モデルや司会者、タレントとして幅広く活躍しているJOYさん。明るく活動的な姿が印象的ですが、ギャルモデルとしてテレビに引っ張りだこだった25歳のときに、結核と診断されました。近年ではあまり聞き慣れない病名ですが、いったいなぜ──。(全2回中の1回)
「なんだか咳が出るな」から始まった

── JOYさんは25歳のときに結核と診断されたと聞きました。どのようなきっかけで結核に気づいたのでしょうか。
JOYさん:最初は「最近、なんだか咳が出るな」から始まりました。そのまま咳がだんだん止まらなくなって、息を吸うだけで咳が出るようになったんです。咳が止まらなくて日常生活も苦しくなったので何度も病院に行ったのですが、「ただの風邪です」としか言われない。薬を飲んでも治らない苦しい状態が続きました。
── 最初は風邪だと思っていたんですね。
JOYさん:そうです。半年間その症状が続きました。でも、ある日、仕事を終えた後に激しい悪寒に襲われたんです。発熱して、同時に寒気と震え、嘔吐に襲われました。「このままだと死ぬ」と直観で思い、夜間やっている救急病院に行きました。そこで初めて、痰の検査とレントゲンを撮って結核と診断されたんです。

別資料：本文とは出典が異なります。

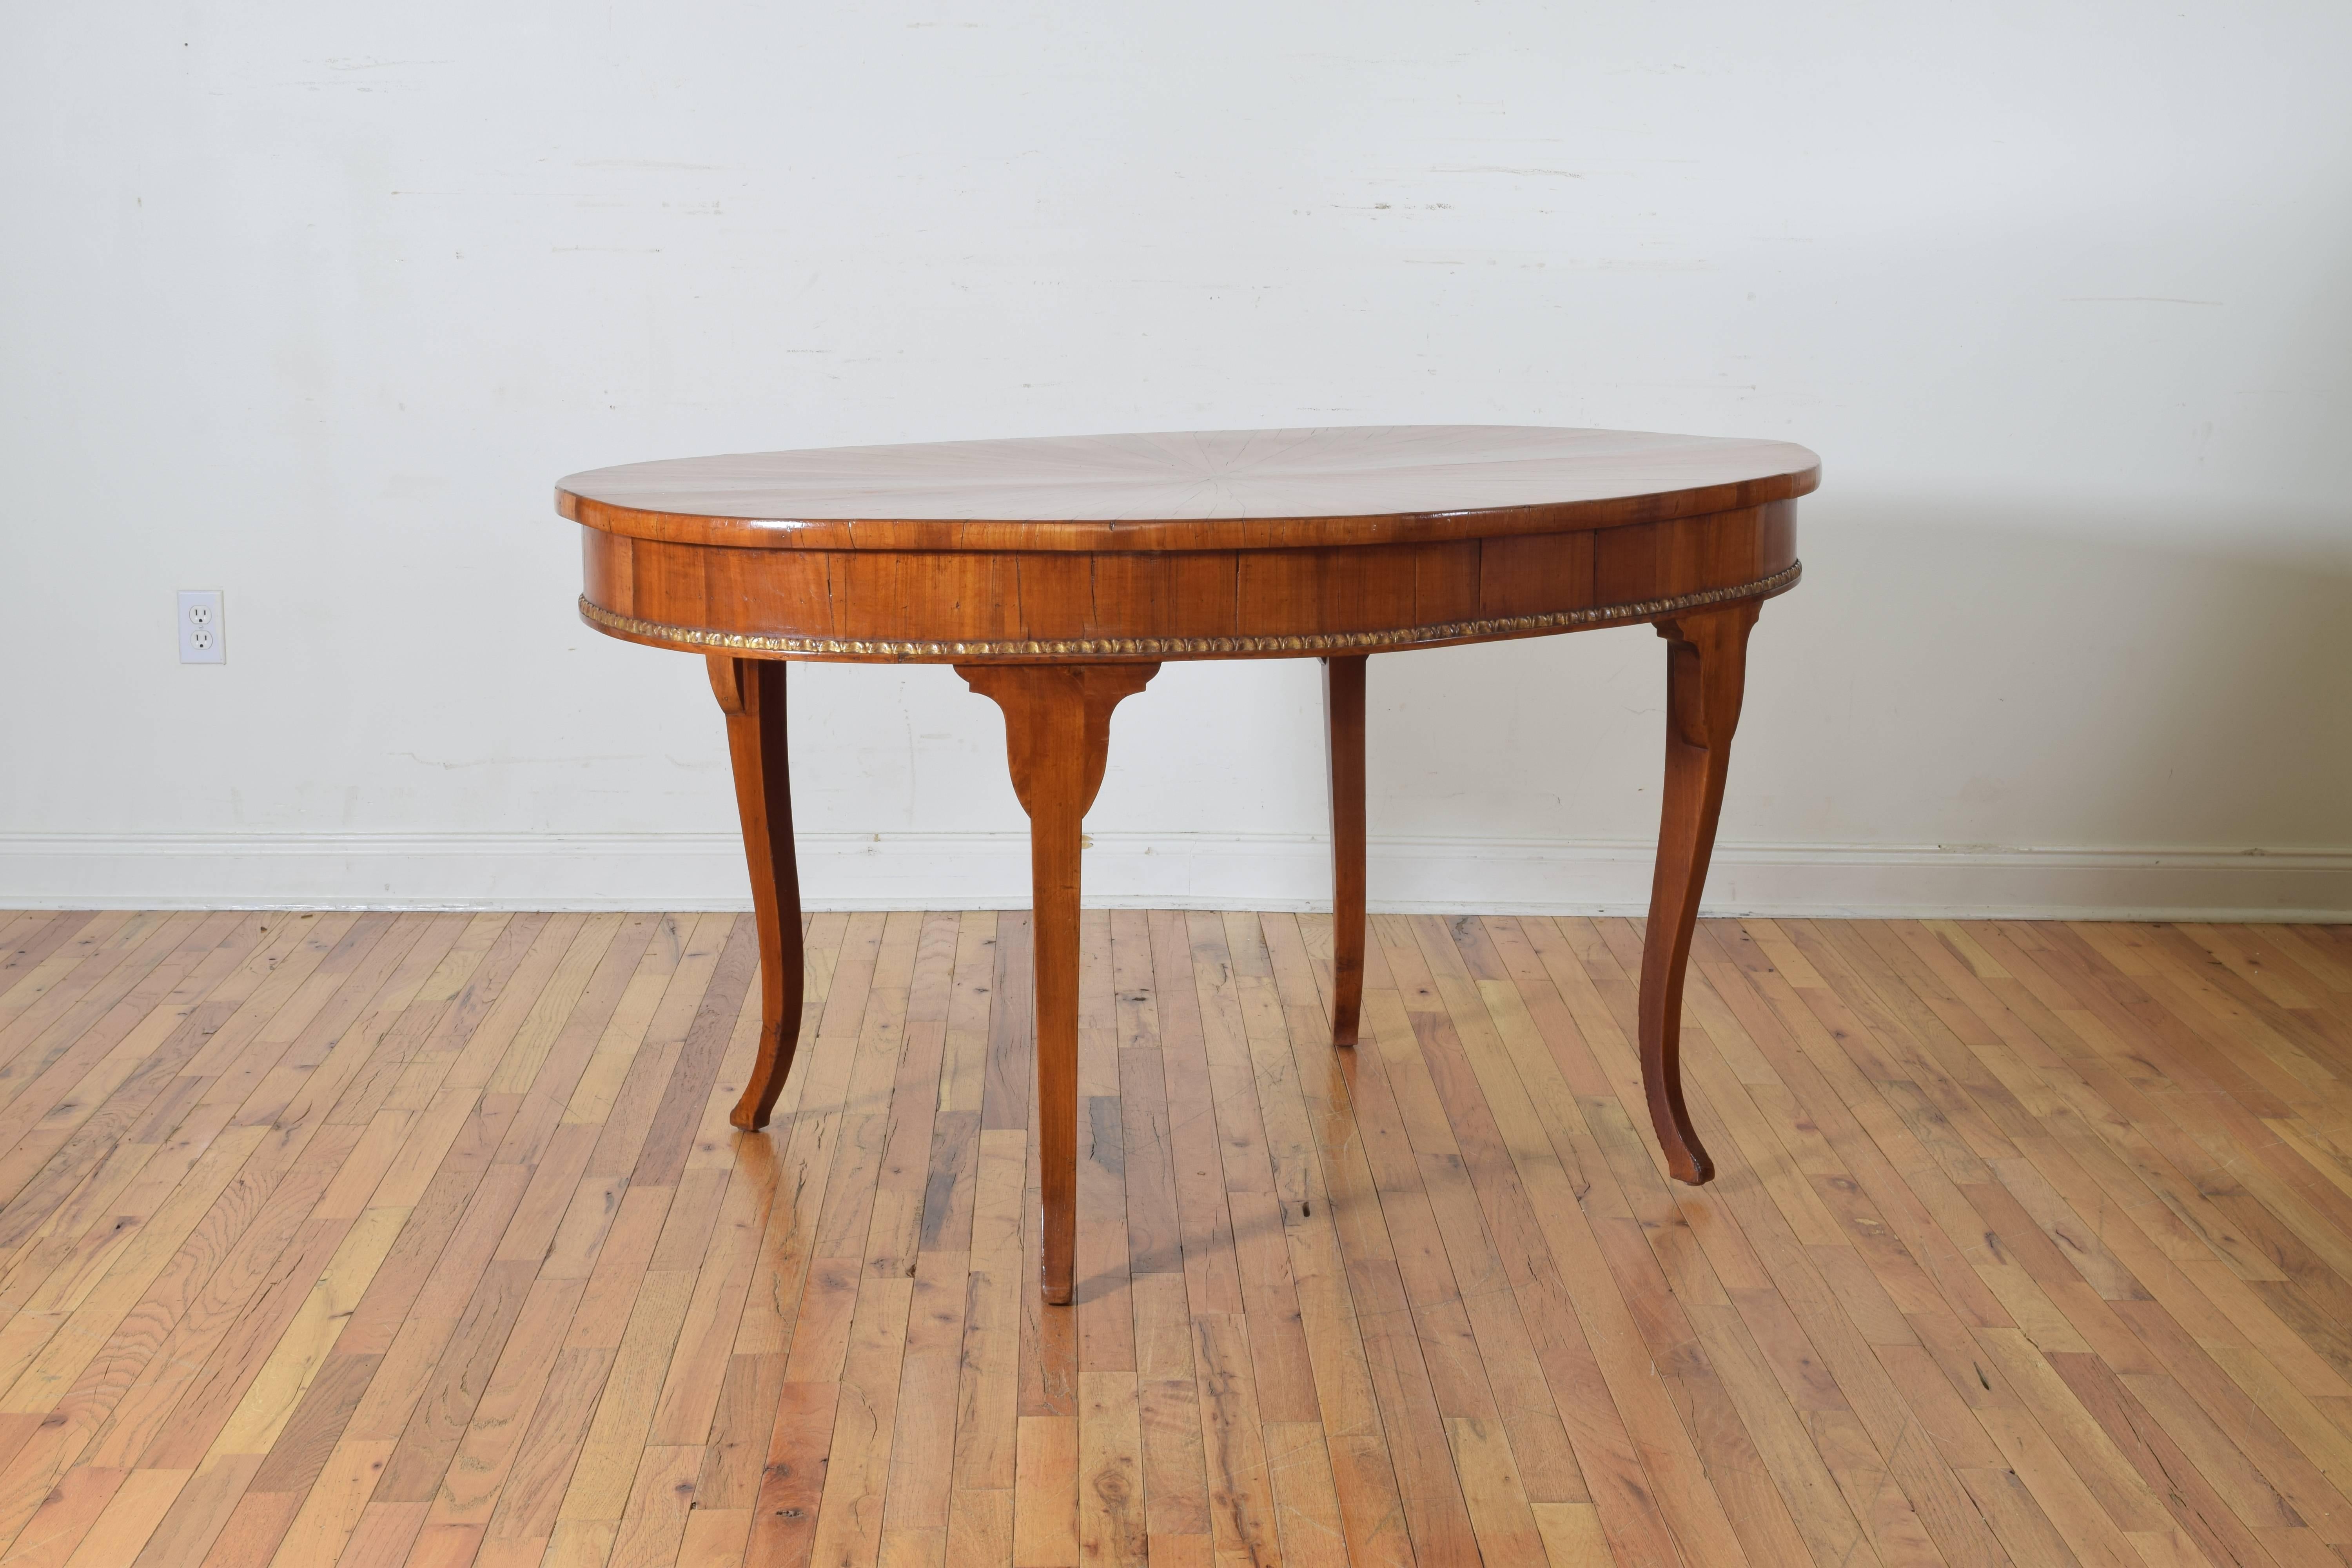 The oval top with radial veneers, the deep apron with a carved and gilded bottom molding, raised on interestingly shaped curving legs.

診断されたときには症状がかなり進行していて、病院の先生から末期に近い症状だと言われました。「大げさな表現ではなくて、あと少し発見が遅かったら死につながっていたよ」と。レントゲンでは、肺全体に白い影が広がっている状態でしたね。
── 原因がわかってよかったです。
JOYさん:ただ、当時は結核ですと言われても「結核って何?」という感じでピンときませんでした。イメージできないというか、昔の人がかかる病気という印象が強かったんです。この時代に結核があるの?という感じでした。でも、結核は空気感染すると説明を受けて、誰でも感染するリスクがある病気だということを知りました。通常は感染しても免疫力で抑え込めるみたいなんですが、免疫力が落ちていると発症してしまうそうです。